SUPPLIED ENTRIES:
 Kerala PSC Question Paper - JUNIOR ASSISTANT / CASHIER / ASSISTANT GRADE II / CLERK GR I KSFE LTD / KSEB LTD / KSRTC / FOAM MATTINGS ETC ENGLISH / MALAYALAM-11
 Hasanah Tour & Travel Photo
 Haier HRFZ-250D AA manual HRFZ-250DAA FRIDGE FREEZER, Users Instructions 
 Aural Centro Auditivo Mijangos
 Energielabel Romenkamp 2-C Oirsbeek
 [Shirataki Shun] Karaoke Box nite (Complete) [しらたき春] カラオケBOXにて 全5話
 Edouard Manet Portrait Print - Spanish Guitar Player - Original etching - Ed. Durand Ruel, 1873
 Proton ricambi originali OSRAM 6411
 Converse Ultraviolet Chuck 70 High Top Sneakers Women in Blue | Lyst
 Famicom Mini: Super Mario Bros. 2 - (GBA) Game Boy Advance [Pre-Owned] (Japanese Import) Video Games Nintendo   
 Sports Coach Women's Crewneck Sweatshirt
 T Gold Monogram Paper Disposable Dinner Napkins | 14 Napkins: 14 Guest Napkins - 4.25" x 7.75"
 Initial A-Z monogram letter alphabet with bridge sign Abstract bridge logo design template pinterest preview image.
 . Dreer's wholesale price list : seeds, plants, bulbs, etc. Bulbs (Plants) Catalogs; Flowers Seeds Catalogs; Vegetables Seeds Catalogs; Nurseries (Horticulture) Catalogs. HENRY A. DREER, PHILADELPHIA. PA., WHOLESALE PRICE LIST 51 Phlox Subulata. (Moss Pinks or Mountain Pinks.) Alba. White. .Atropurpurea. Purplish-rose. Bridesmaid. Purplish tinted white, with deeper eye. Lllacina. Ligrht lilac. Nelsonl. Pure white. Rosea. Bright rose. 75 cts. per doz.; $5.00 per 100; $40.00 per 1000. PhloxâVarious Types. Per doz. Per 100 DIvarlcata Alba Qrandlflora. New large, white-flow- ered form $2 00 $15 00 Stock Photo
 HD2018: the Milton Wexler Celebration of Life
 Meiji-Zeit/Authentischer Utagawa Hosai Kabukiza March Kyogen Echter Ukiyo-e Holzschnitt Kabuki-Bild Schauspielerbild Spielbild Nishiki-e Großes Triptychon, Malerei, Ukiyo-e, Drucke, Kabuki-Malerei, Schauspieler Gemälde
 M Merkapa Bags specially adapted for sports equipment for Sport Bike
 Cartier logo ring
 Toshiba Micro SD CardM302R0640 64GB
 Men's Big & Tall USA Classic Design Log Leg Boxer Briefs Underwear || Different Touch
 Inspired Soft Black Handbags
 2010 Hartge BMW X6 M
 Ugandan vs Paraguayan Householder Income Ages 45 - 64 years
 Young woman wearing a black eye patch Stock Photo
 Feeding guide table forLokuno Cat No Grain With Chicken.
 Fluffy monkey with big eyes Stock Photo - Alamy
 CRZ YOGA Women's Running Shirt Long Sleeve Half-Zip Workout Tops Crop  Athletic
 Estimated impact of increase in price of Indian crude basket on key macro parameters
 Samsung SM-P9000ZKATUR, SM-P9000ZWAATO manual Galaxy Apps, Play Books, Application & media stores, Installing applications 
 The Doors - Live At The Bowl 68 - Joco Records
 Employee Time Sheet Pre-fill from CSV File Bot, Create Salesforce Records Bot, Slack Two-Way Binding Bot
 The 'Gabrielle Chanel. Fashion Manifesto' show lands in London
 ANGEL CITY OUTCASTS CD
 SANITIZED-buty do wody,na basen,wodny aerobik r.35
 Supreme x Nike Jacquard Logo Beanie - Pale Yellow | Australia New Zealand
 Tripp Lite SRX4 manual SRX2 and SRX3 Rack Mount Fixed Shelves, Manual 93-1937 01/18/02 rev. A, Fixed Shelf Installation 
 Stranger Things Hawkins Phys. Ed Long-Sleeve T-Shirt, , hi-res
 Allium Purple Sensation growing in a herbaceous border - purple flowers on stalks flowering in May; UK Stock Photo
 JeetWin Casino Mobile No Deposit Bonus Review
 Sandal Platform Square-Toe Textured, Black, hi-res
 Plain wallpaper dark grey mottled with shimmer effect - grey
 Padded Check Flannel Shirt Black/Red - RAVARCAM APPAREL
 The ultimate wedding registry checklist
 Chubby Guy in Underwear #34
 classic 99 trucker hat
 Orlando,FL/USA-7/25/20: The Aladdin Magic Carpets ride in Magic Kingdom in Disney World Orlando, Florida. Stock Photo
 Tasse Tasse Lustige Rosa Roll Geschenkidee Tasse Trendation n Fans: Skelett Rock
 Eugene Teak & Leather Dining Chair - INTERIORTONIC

AIM OF THE EXERCISE:
Only a number is wanted. Count the lines of the data that contain "manual".

COMPLETED TASK:
3